Trying to get better at getting better

[Essay] Context sovereignty, engineering, and personal learning

Rowe, M. (2025). Context sovereignty for AI-supported learning: A human-centred approach. DOI: 10.31219/osf.io/8czva_v1

Many approaches to developing AI literacy include an emphasis on better prompting strategies, requiring students and educators to adapt to AI systems rather than having the systems adapt to us. While this isn’t wrong, prompting should be understood as a specific example of the more general concept of ‘context-setting’, and by extension, a set of principles that guide how we think about personal context.

Context sovereignty flips this relationship: instead of constantly explaining your background and goals to AI, the system should have a persistent understanding of your values, knowledge, thinking patterns, and learning objectives. And context engineering provides the practical framework to achieve this sovereignty through three key elements: personal context curation (structuring information to explicitly describe part of how you think), continuous learning (AI systems that evolve with you), and contextual interoperability (maintaining privacy while accessing AI capabilities).

For higher and professional education, this transformation towards a focus on context matters. Health professions students can develop AI partnerships build on a foundation where the system understands their development. Rather than generic interactions, learners engage in more nuanced and sophisticated cognitive partnerships that respect their individual intellectual journeys.

This approach preserves human agency while enabling authentic personal learning rather than mere algorithmic content matching, amplifying human capabilities through AI support.
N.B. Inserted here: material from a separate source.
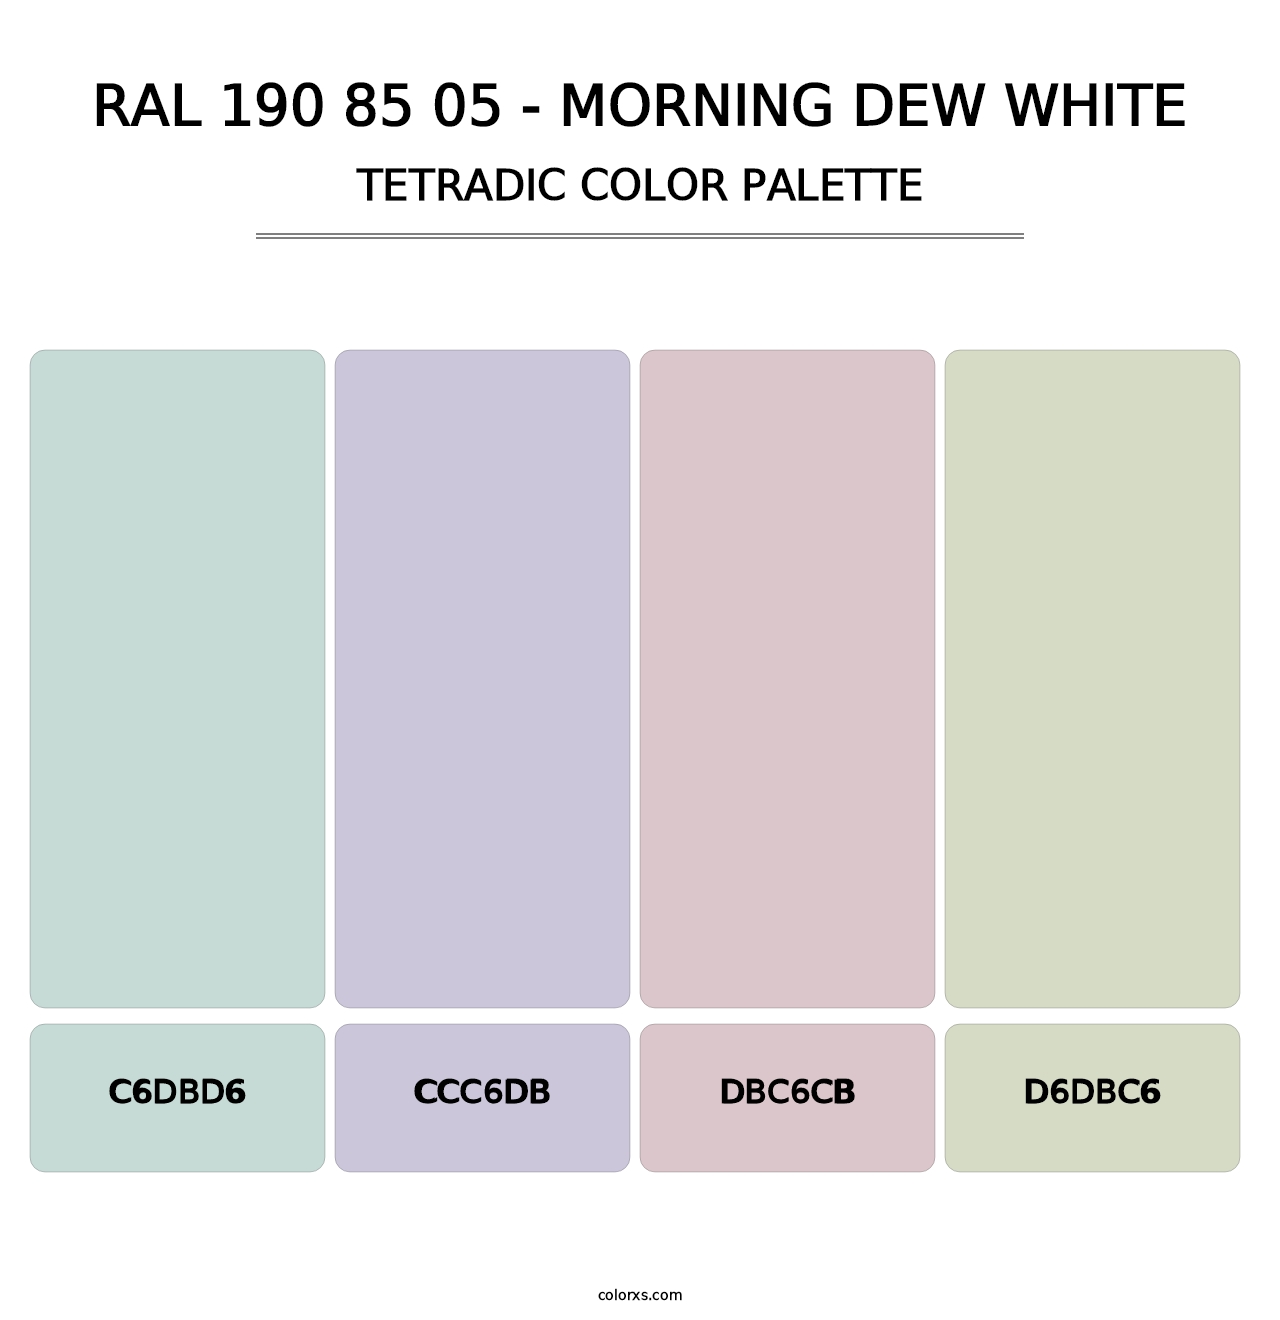 RAL 190 85 05 - Morning Dew White - Tetradic Color Palette

Read more at : https://michael-rowe.github.io/emergent-scholarship/essays/context-sovereignty.html


Abstract

The current discourse around artificial intelligence in education has become preoccupied with prompting strategies, overlooking more fundamental questions about the nature of context in human-AI collaboration. This paper explores the concept of context engineering as an operational framework that supports personal learning and the philosophical goal of context sovereignty. Drawing from complexity science and learning theory, we argue that context functions as a dynamic field of meaning-making rather than static background information, and that ownership of that context is an essential consideration. Current approaches to context-setting in AI-supported learning—primarily prompting and document uploading—create episodic burdens requiring learners to adapt to AI systems rather than insisting that AI systems adapt to learners. Context sovereignty offers an alternative paradigm based on three principles: persistent understanding, individual agency, and cognitive extension. This framework addresses concerns about privacy, intellectual challenge, and authentic assessment while enabling new forms of collaborative learning that preserve human agency. Rather than treating AI as an external tool requiring skilful manipulation, context sovereignty suggests AI can become a cognitive partner that understands and extends human thinking while respecting individual boundaries. The implications extend beyond technical implementation to fundamental questions about the nature of learning, assessment, and human-AI collaboration in educational settings.